Start with No
, by negotiation coach Jim Camp, is a tenaciously contrarian guide to the art and science of give-and-take that proposes a viable alternative for today's prevailing "win-win" approach. Beginning with an inverse premise--that having the right to say "no" and veto any agreement is actually the key to favorably concluding the various deals and transactions we face every day--Camp's procedure counters the common emotion-based urge to compromise ("a defeatist mind-set from the first handshake") with a series of less intuitive decision-oriented actions. "My system teaches you how to control what you can control in a negotiation," Camp writes. "When you do so, you can and will succeed (understanding that success sometimes means walking away with a polite good-bye)." Emphasizing the importance of this underlying attitude, his method combines related steps like defining a mission, understanding the adversary, assessing fiscal and emotional investments, preparing an agenda, and tracking behavior.
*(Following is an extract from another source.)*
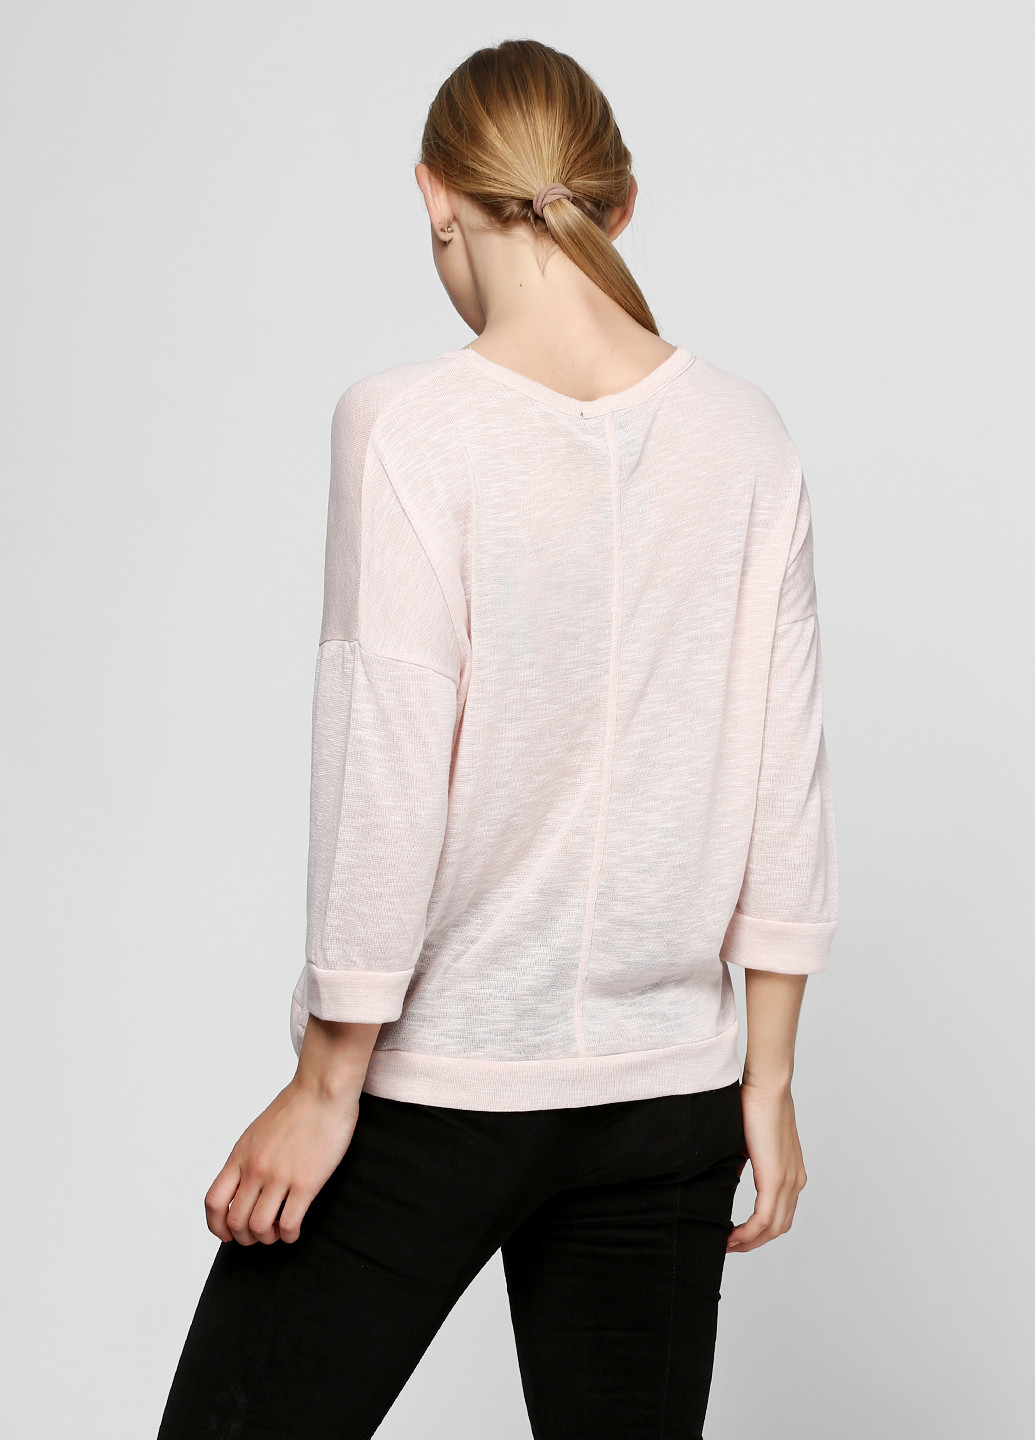 Розовый демисезонный пуловер пуловер Ellos
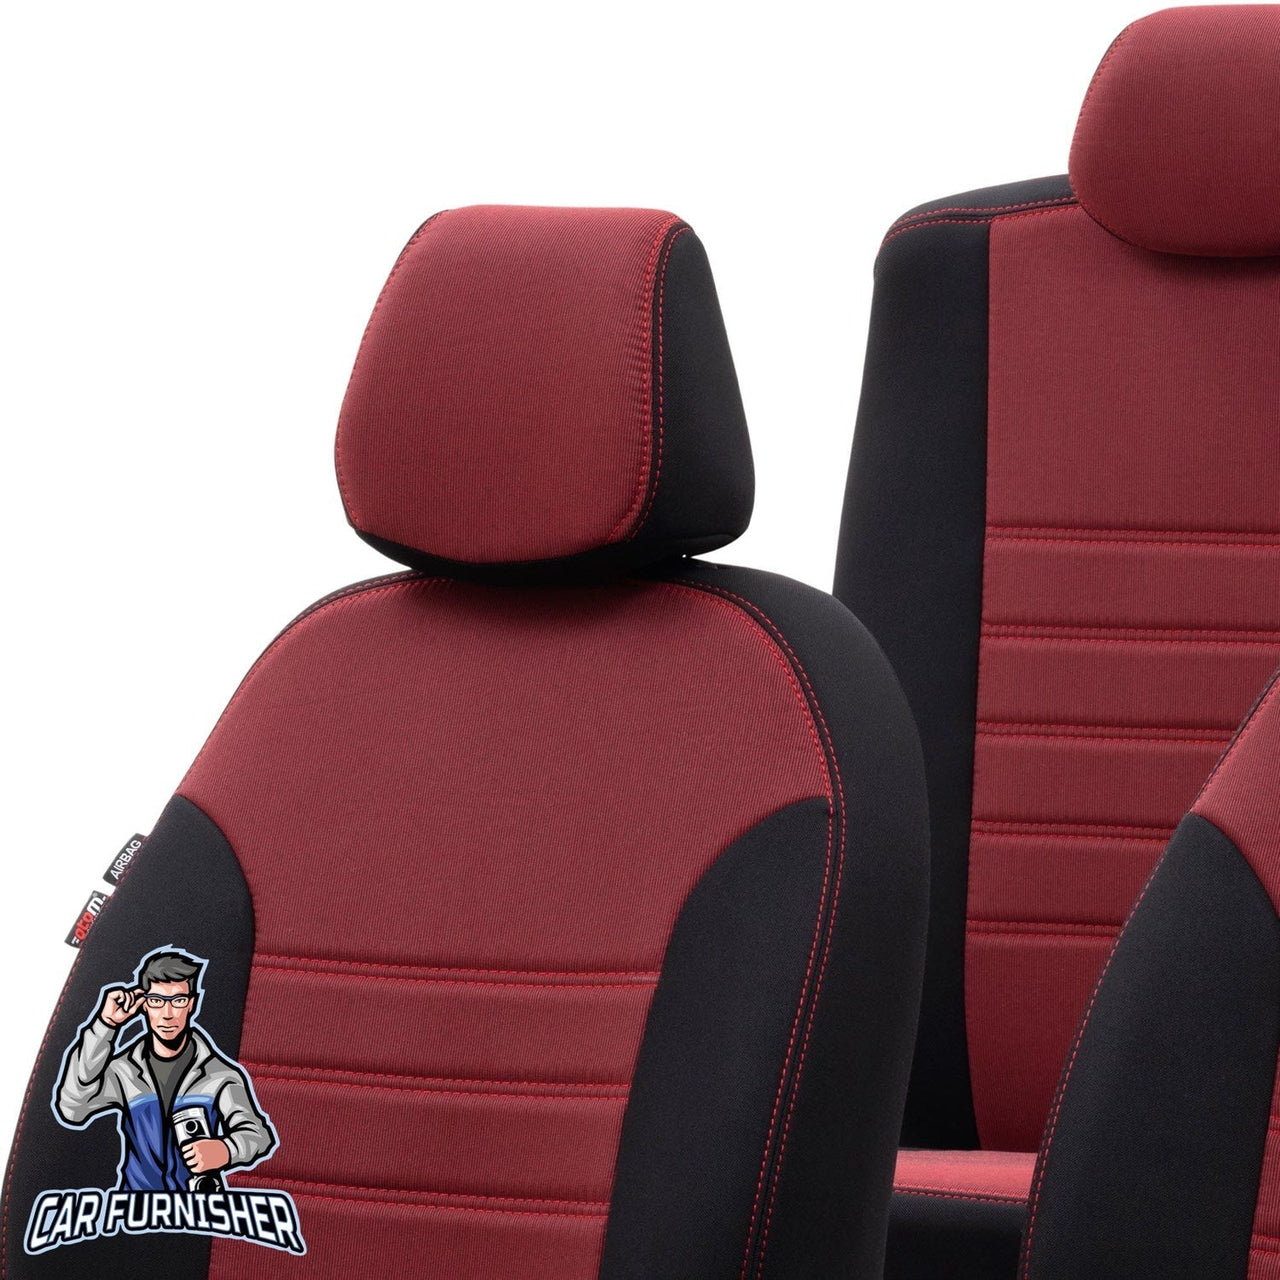 Volkswagen Touareg Seat Cover Original Jacquard Design Dark Beige Jacquard Fabric

Each is fully explained, as are associated skills such as how to structure a question to elicit a truly helpful response (e.g., "What else do you need?" vs. "Is there anything else you need?"). Despite its unorthodox manner, if diligently applied, the route that Camp details here may indeed produce winning results. --Howard Rothman
From Publishers Weekly
Negotiation coach Camp has been under the radar since 1989, helping clients reach deals at Motorola, Merrill Lynch and IBM. He now brings his advice to the general public. Asserting that the term "win-win" has become a clich, he suggests readers enter into every negotiation knowing that if the offer doesn't meet their expectations, they should walk away. He also advocates leaving emotions out of negotiations. "Whether we like it or not, it really is a jungle out there in the world of business, and it's crawling with predators." Camp's solid advice will help people control negotiations and prepare themselves for anything.